JENKENS & GILCHRIST, A PROFESSIONAL CORPORATION
1445 ROSS AVENUE, SUITE 3200
DALLAS, TEXAS 75202-2799
(214) 855-4500
(NAME, ADDRESS AND TELEPHONE NUMBER
OF PERSON AUTHORIZED TO RECEIVE
NOTICES AND COMMUNICATIONS)
MAY 5, 1999
(DATE OF EVENT WHICH REQUIRES FILING OF THIS STATEMENT)
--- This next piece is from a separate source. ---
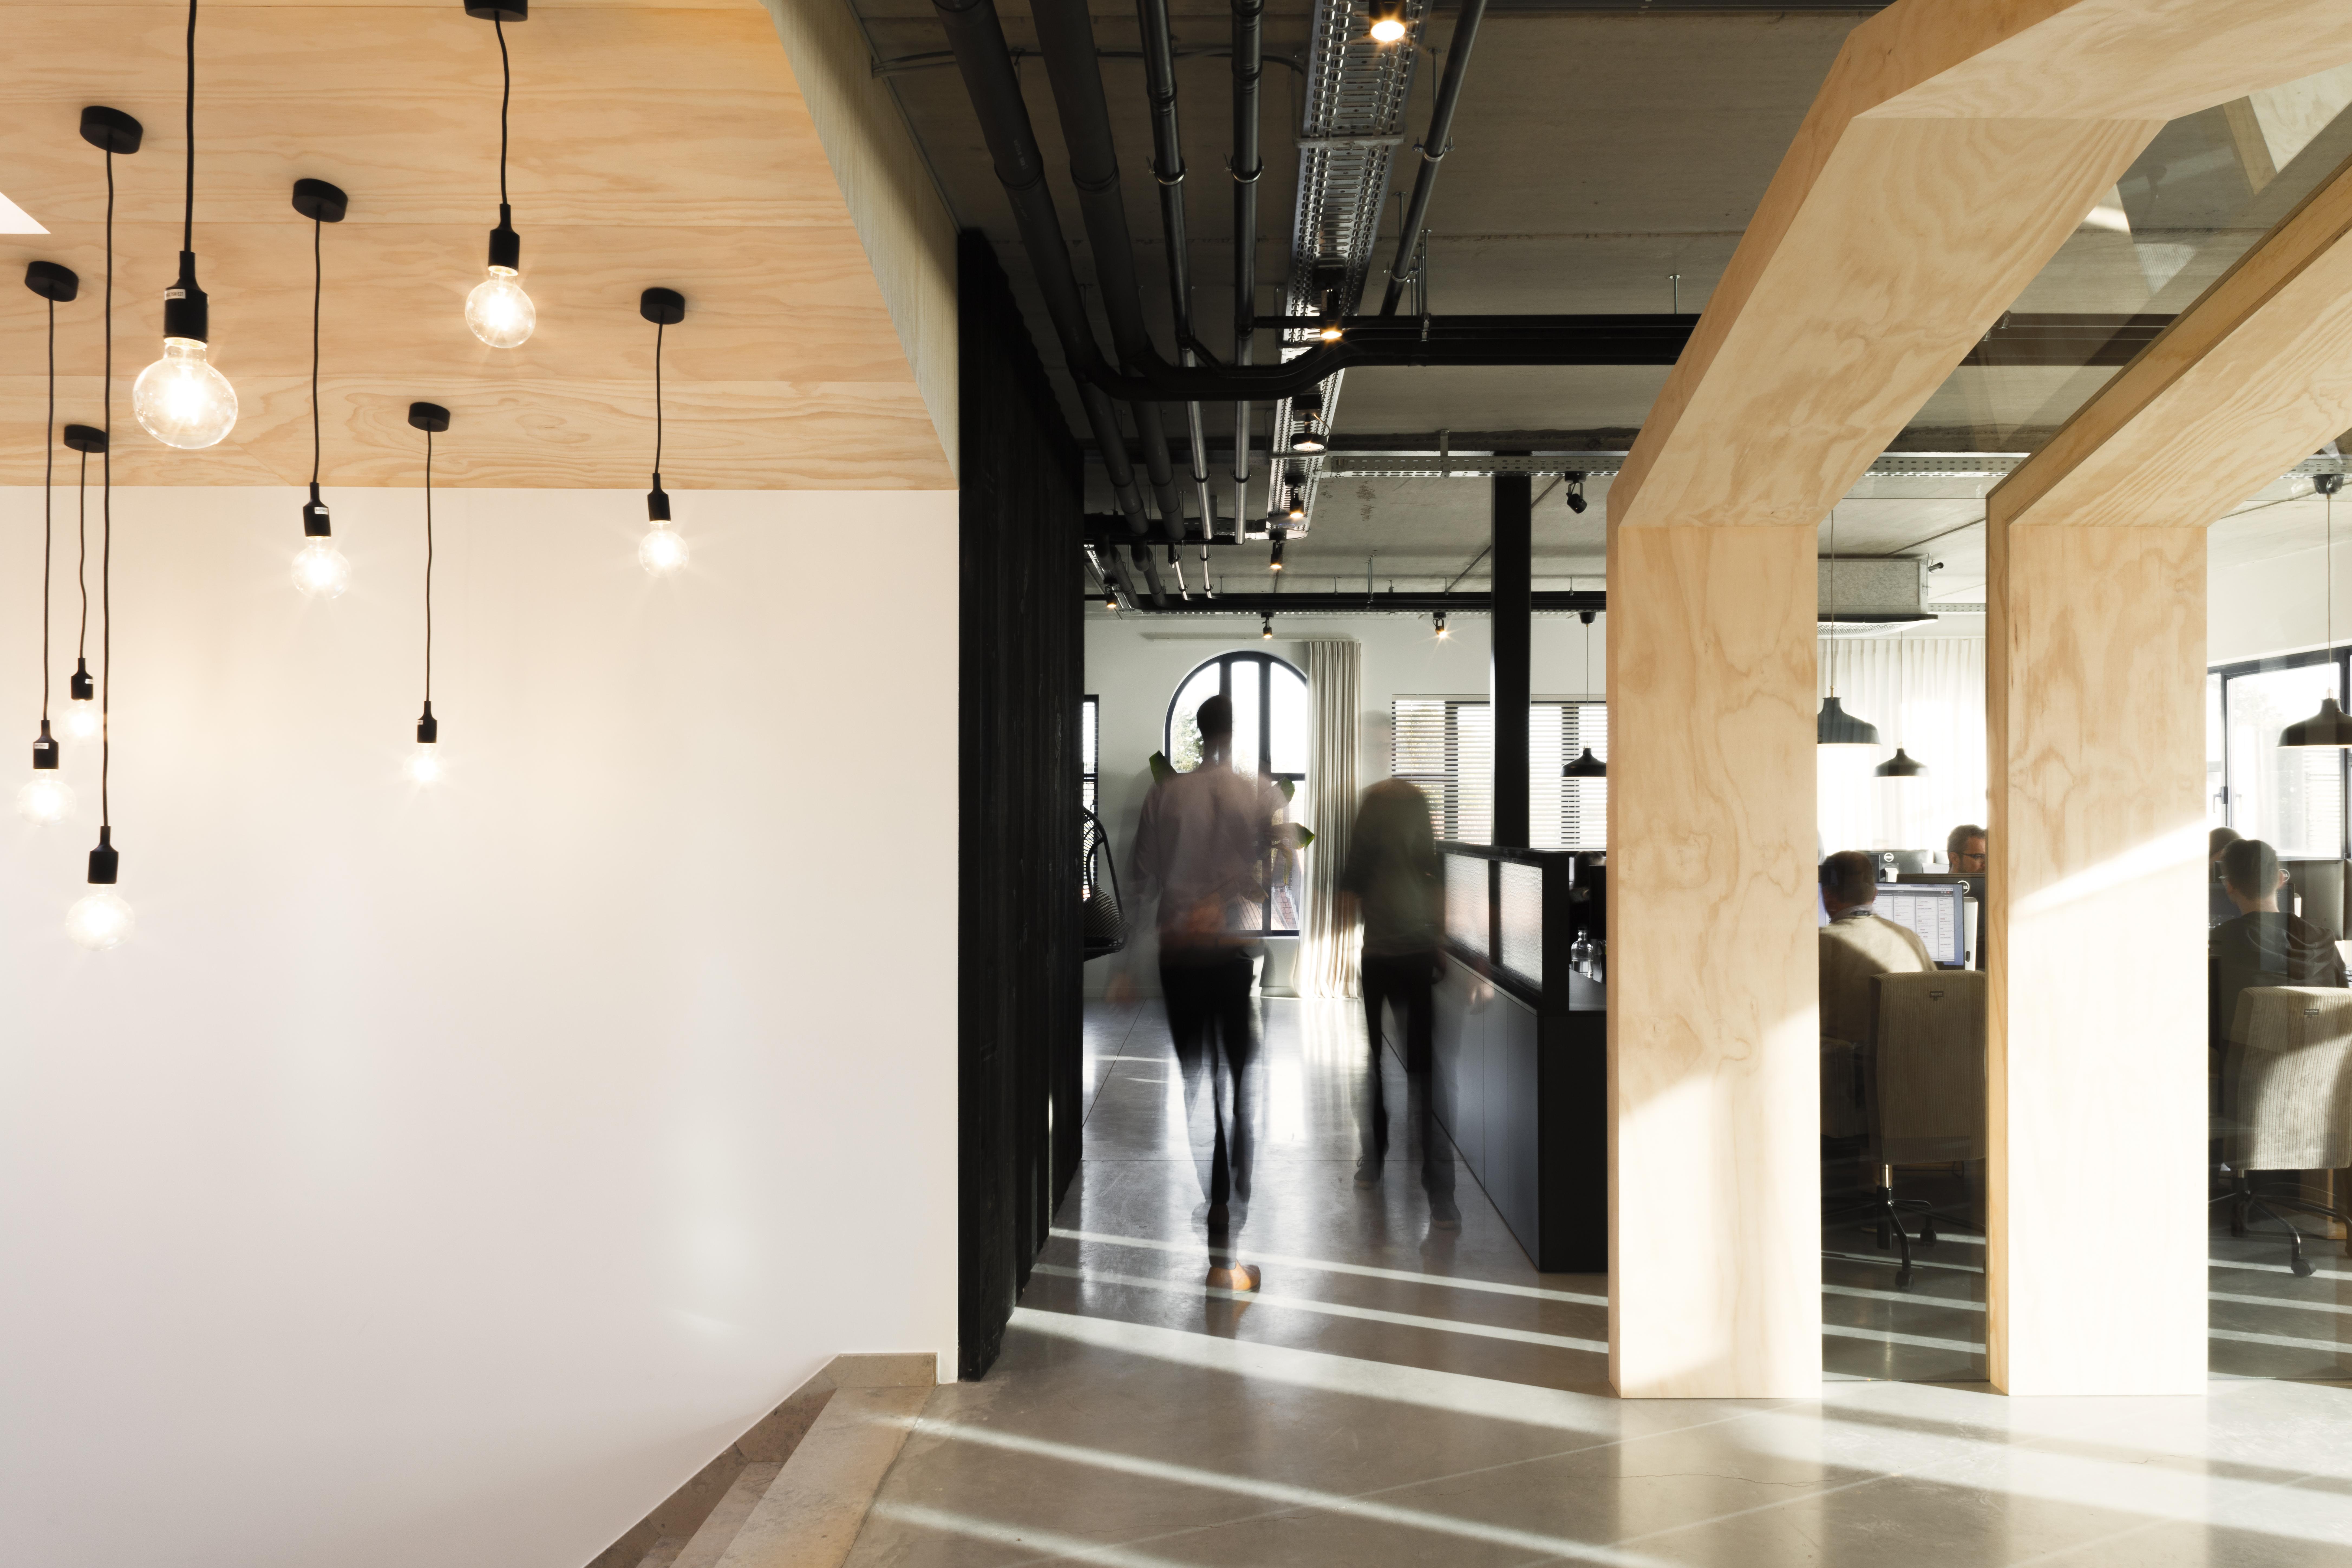 Kantoor Van Kapero : Kantoor van kapero afbeeldingsresultaat voor treinbank kantoor

If the filing person has previously filed a statement on Schedule 13G to report
the acquisition that is the subject of this Schedule 13D, and is filing this
schedule because of Rule 13d-l(e), (f) or (g), check the following box [ ]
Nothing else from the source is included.